◆ **Work to complete**: Reproduce the data exactly and drop any pictures it holds.

◆ **Supplied material**:
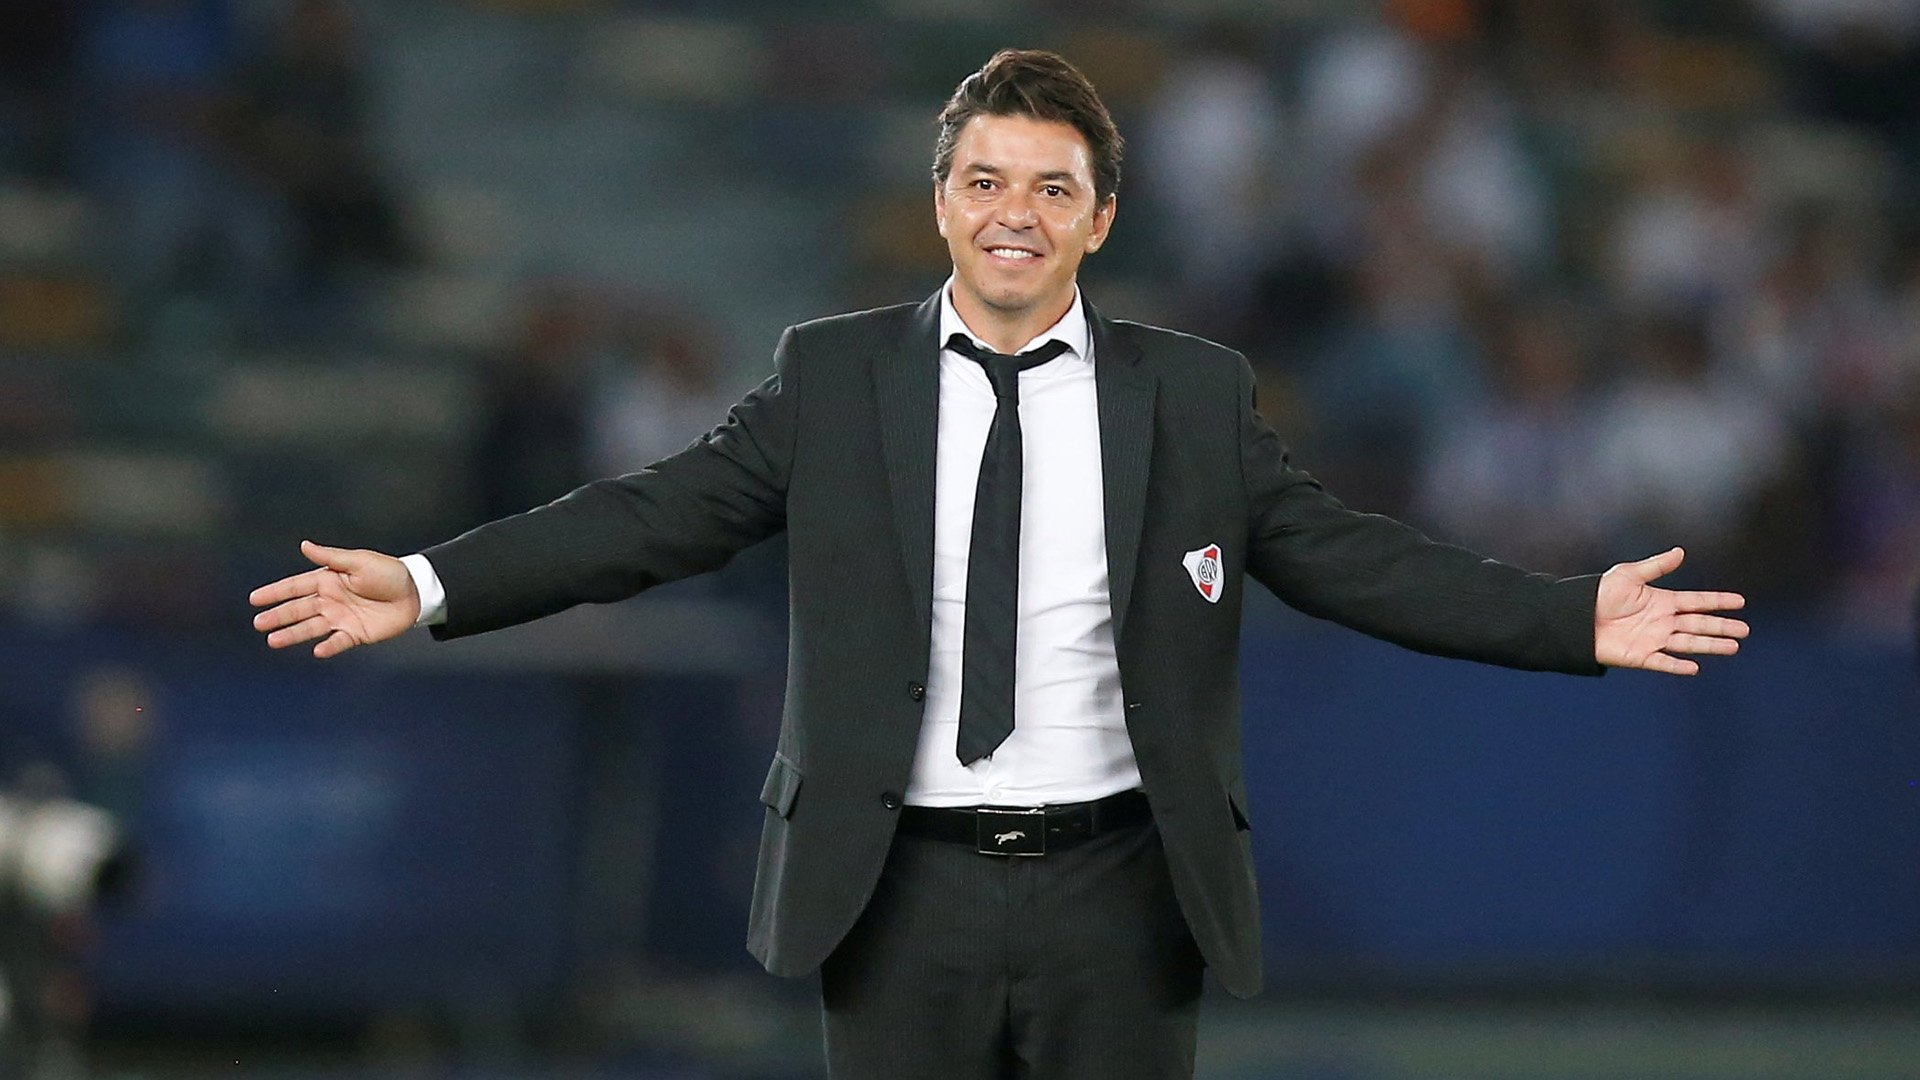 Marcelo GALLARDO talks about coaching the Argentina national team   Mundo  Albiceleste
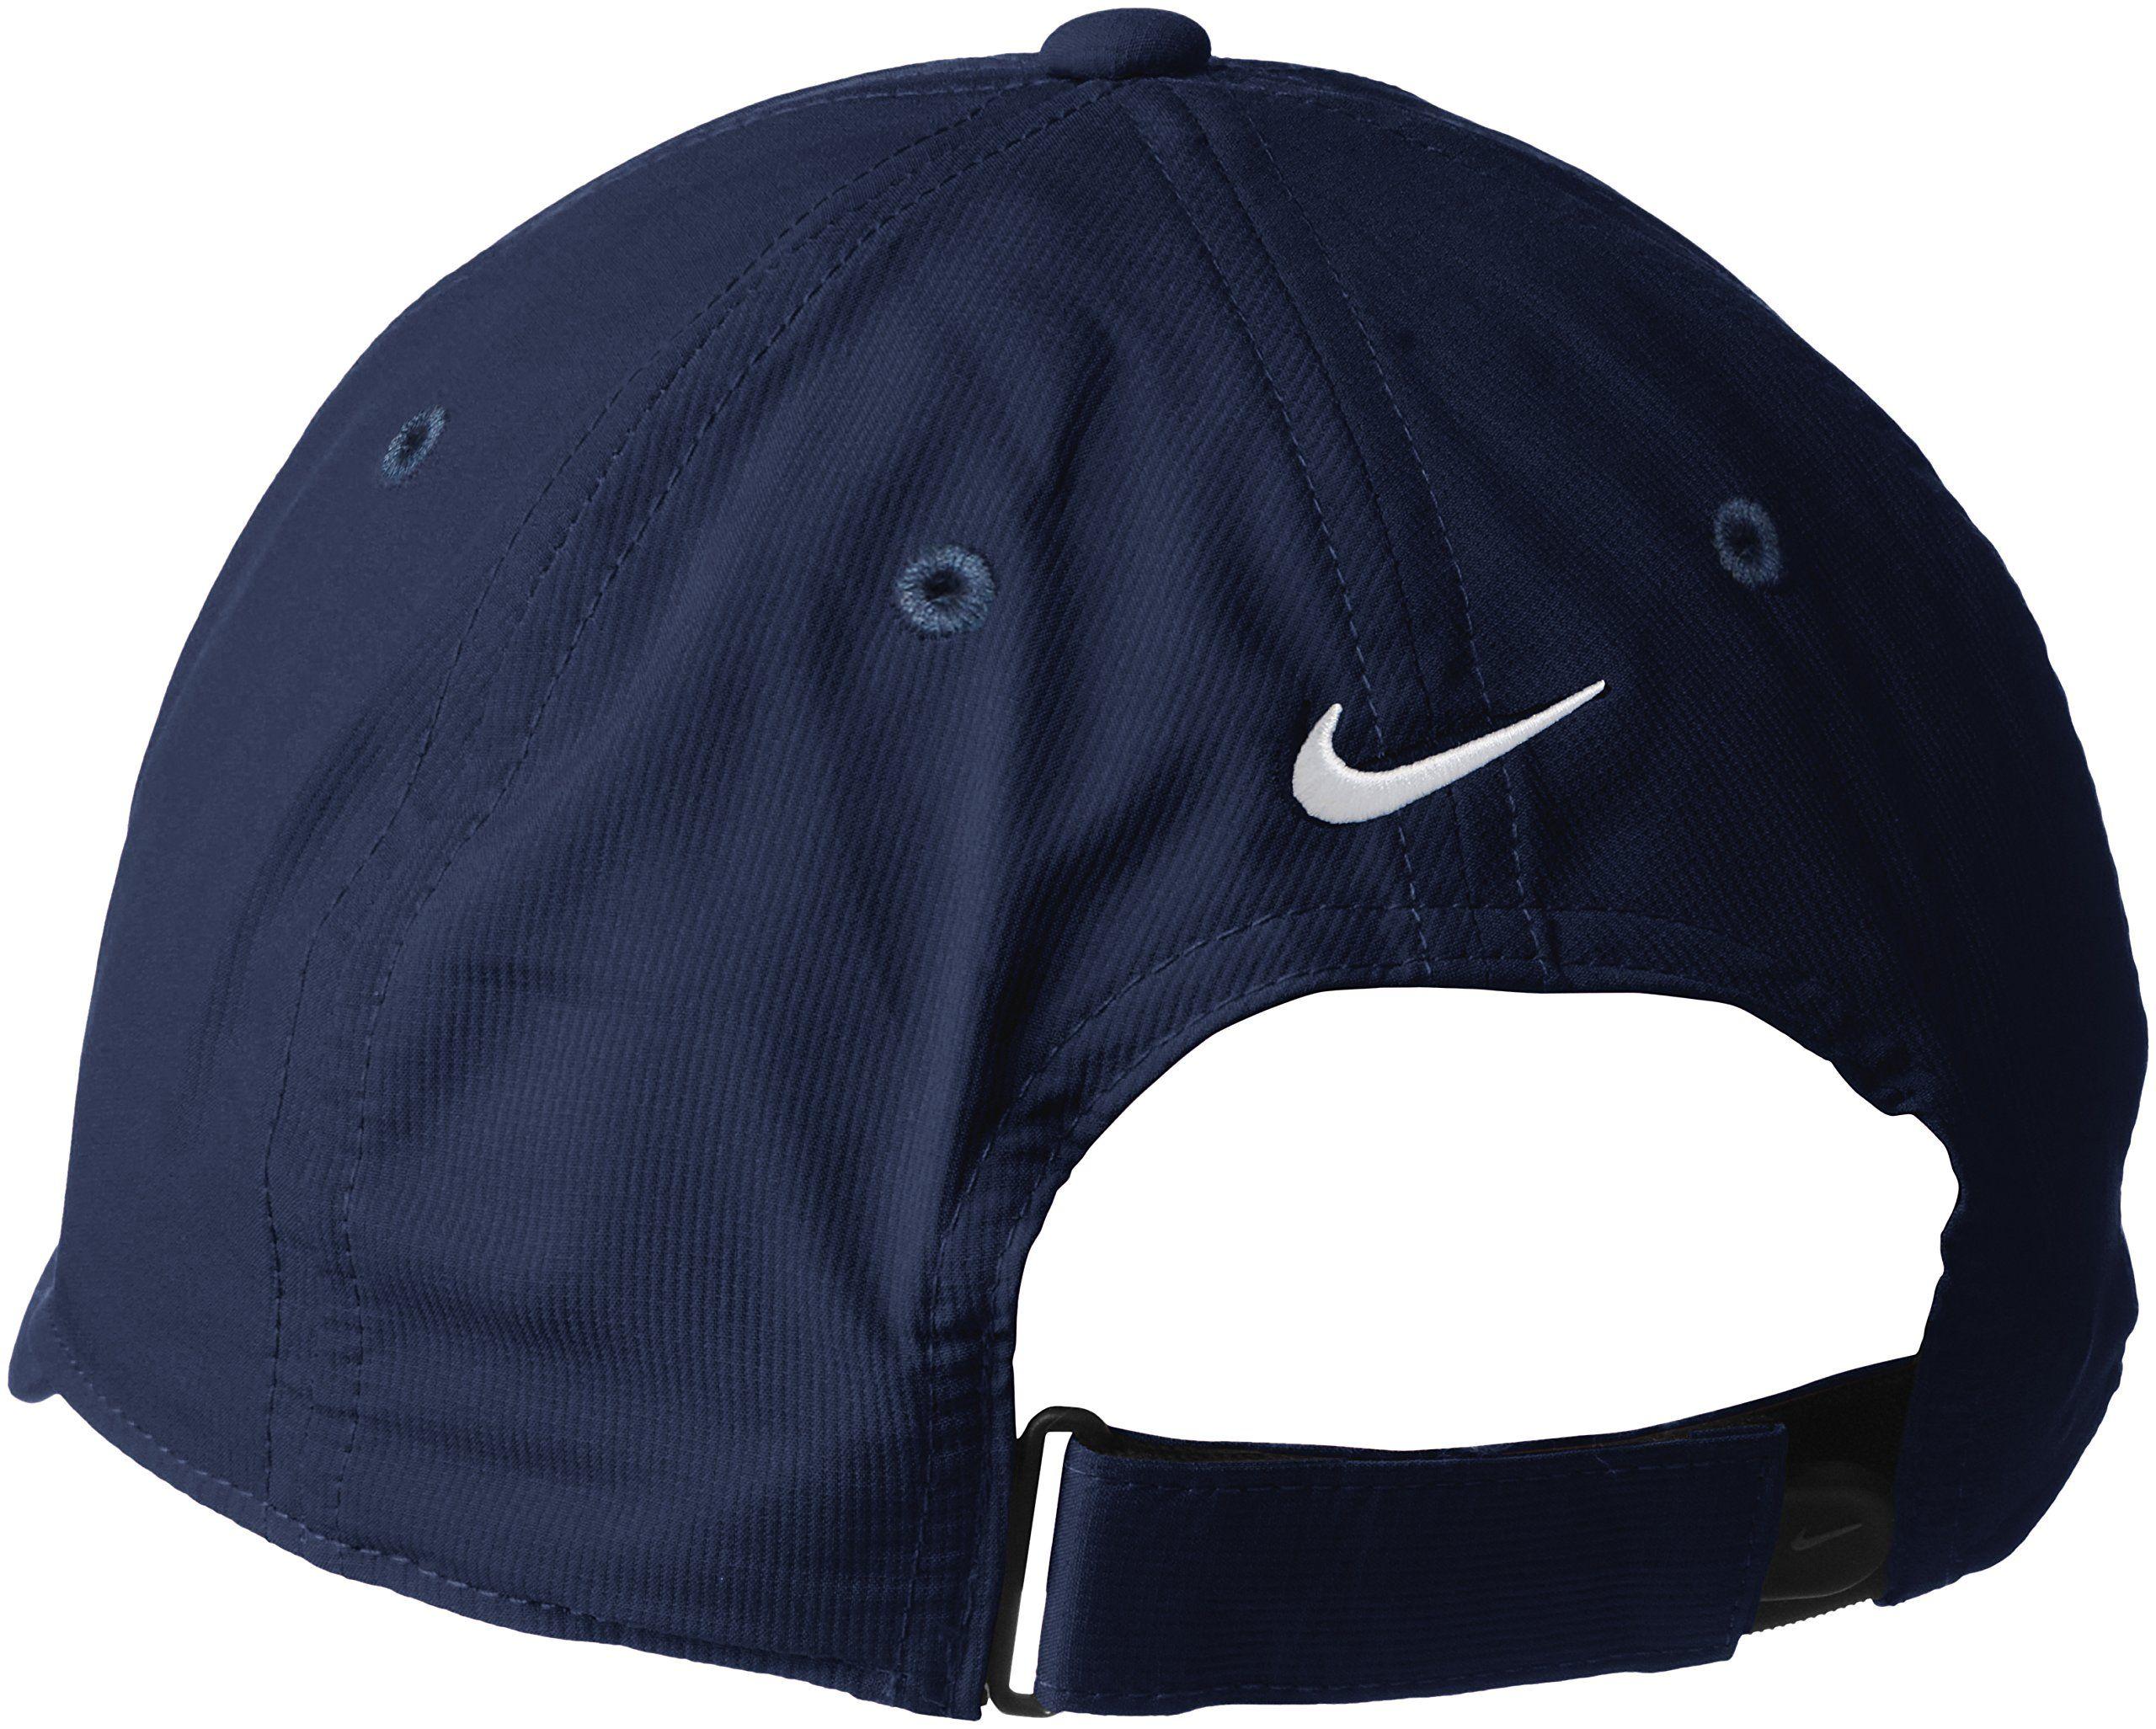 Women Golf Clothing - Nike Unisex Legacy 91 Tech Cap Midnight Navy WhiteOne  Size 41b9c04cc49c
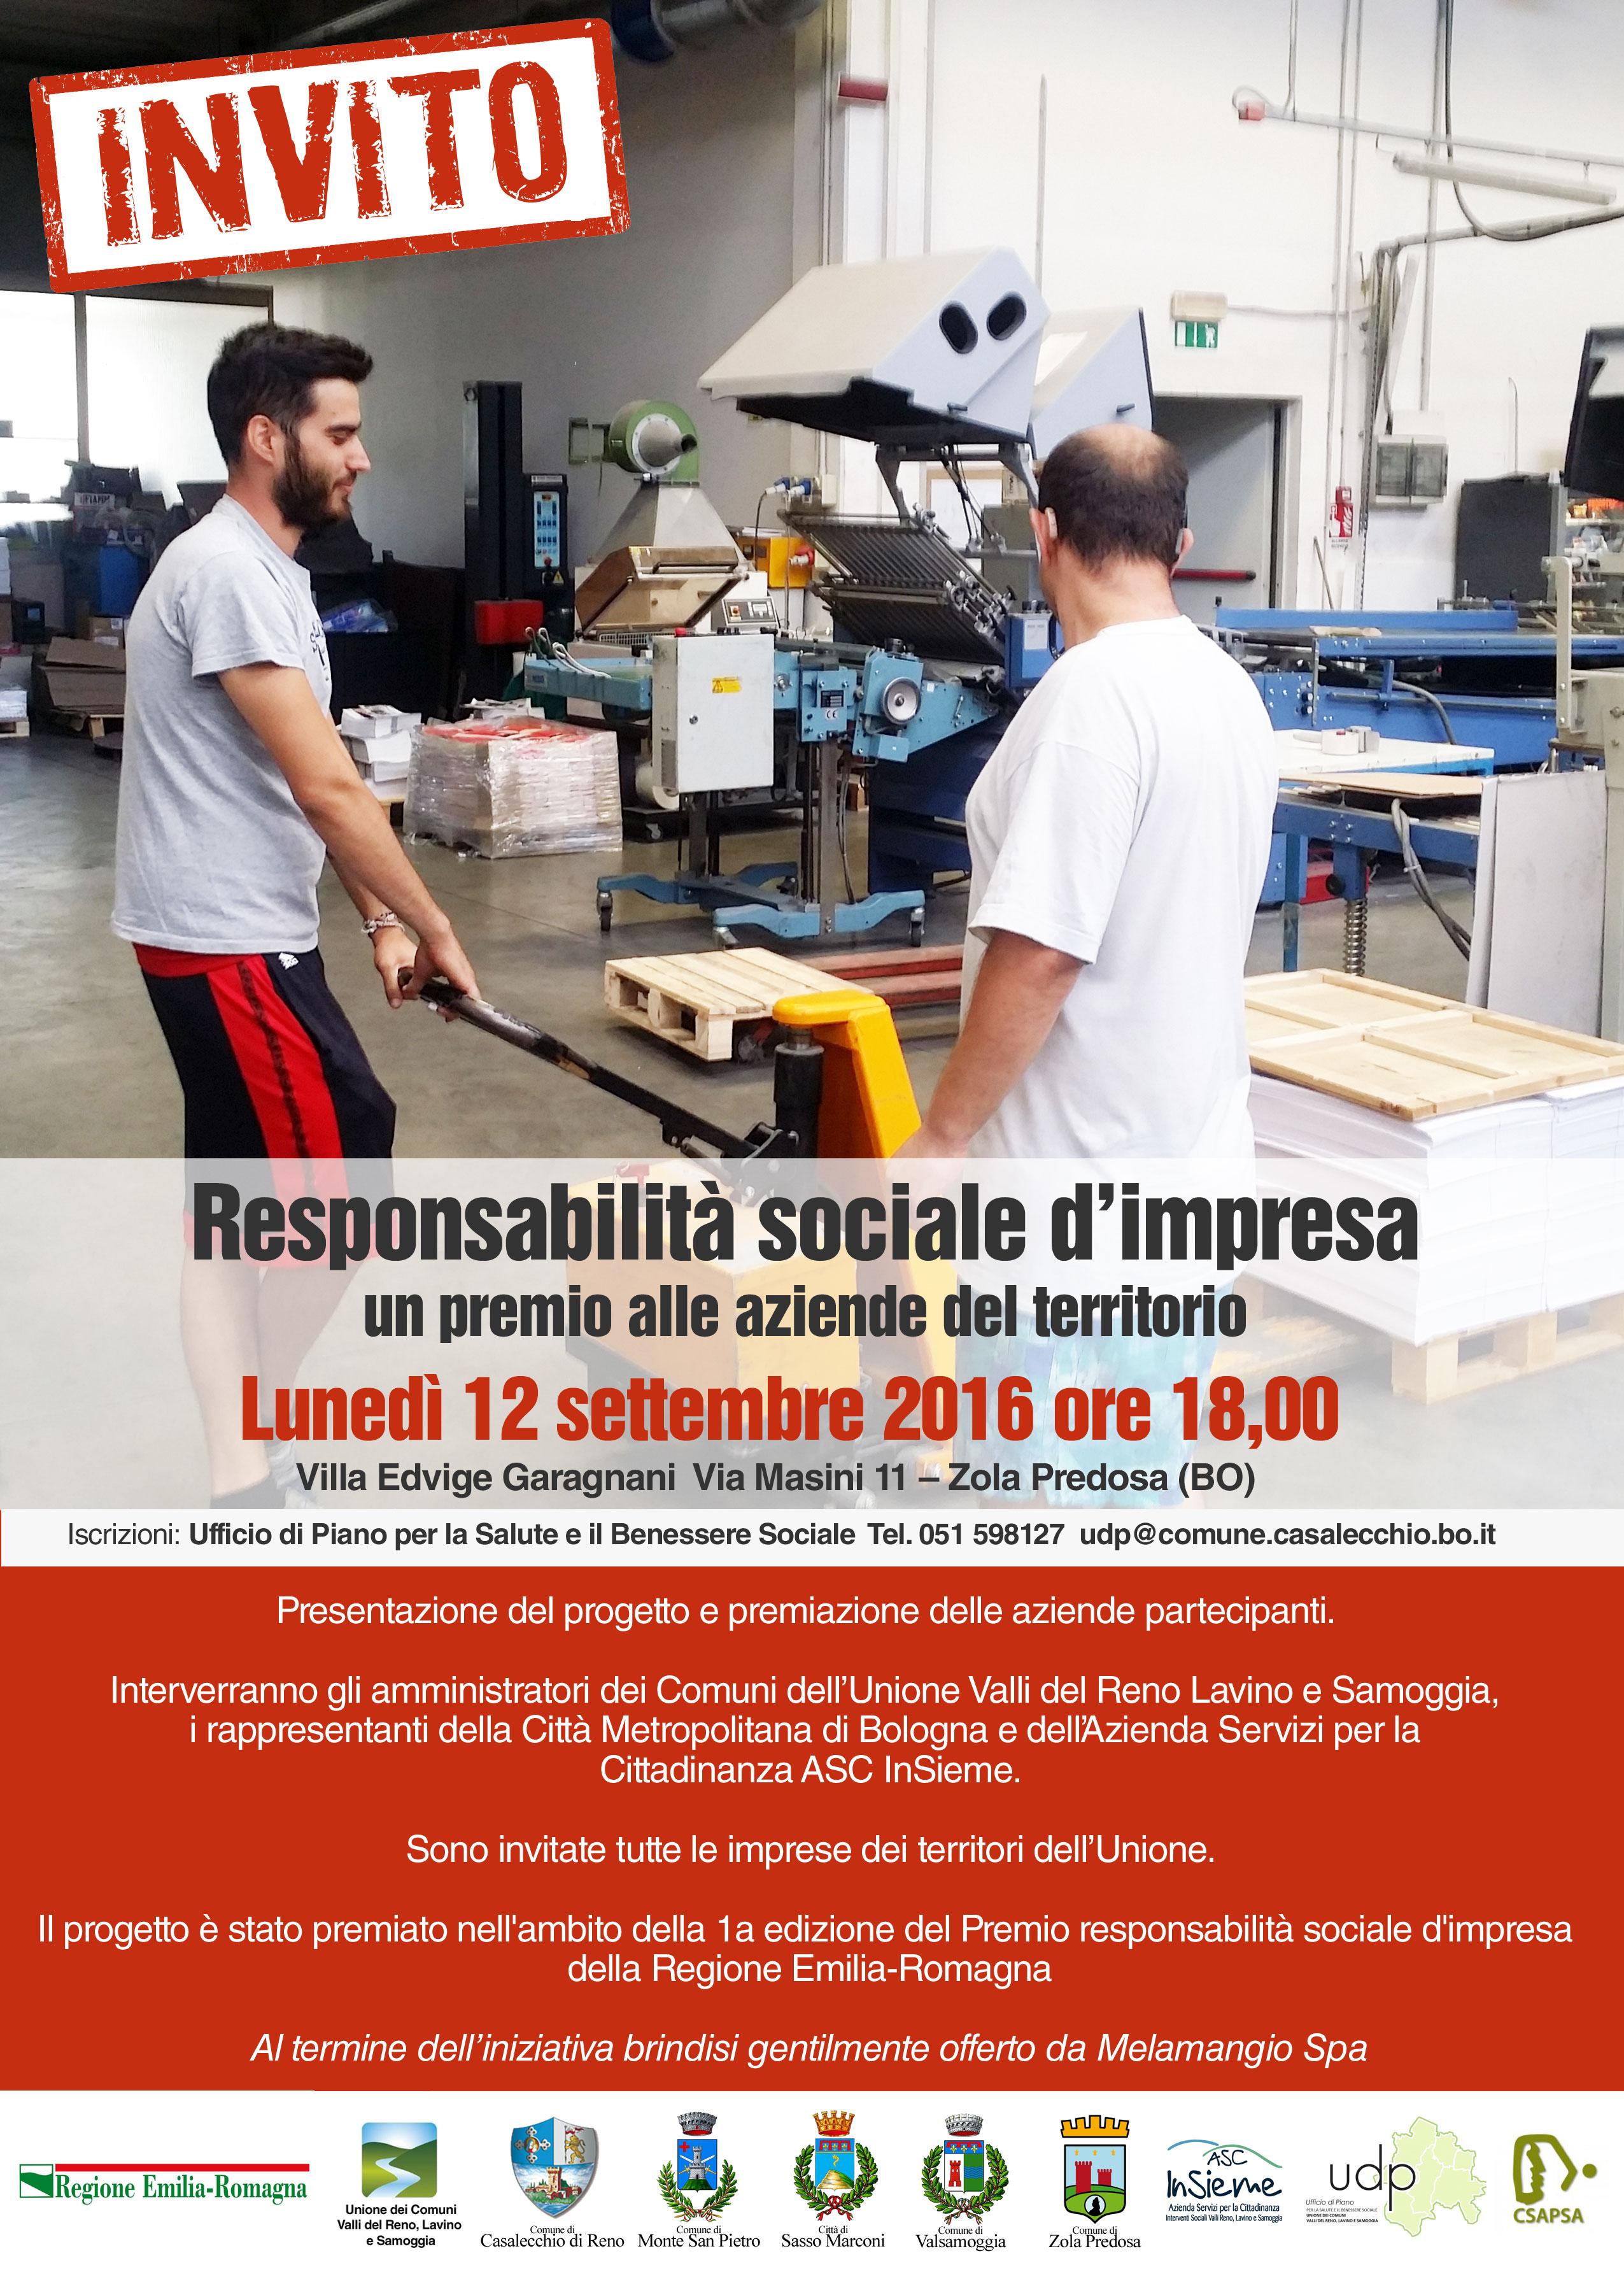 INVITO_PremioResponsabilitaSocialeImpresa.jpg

◆ **Exercise solution**:
 Marcelo GALLARDO talks about coaching the Argentina national team   Mundo  Albiceleste
 Women Golf Clothing - Nike Unisex Legacy 91 Tech Cap Midnight Navy WhiteOne  Size 41b9c04cc49c
 INVITO_PremioResponsabilitaSocialeImpresa.jpg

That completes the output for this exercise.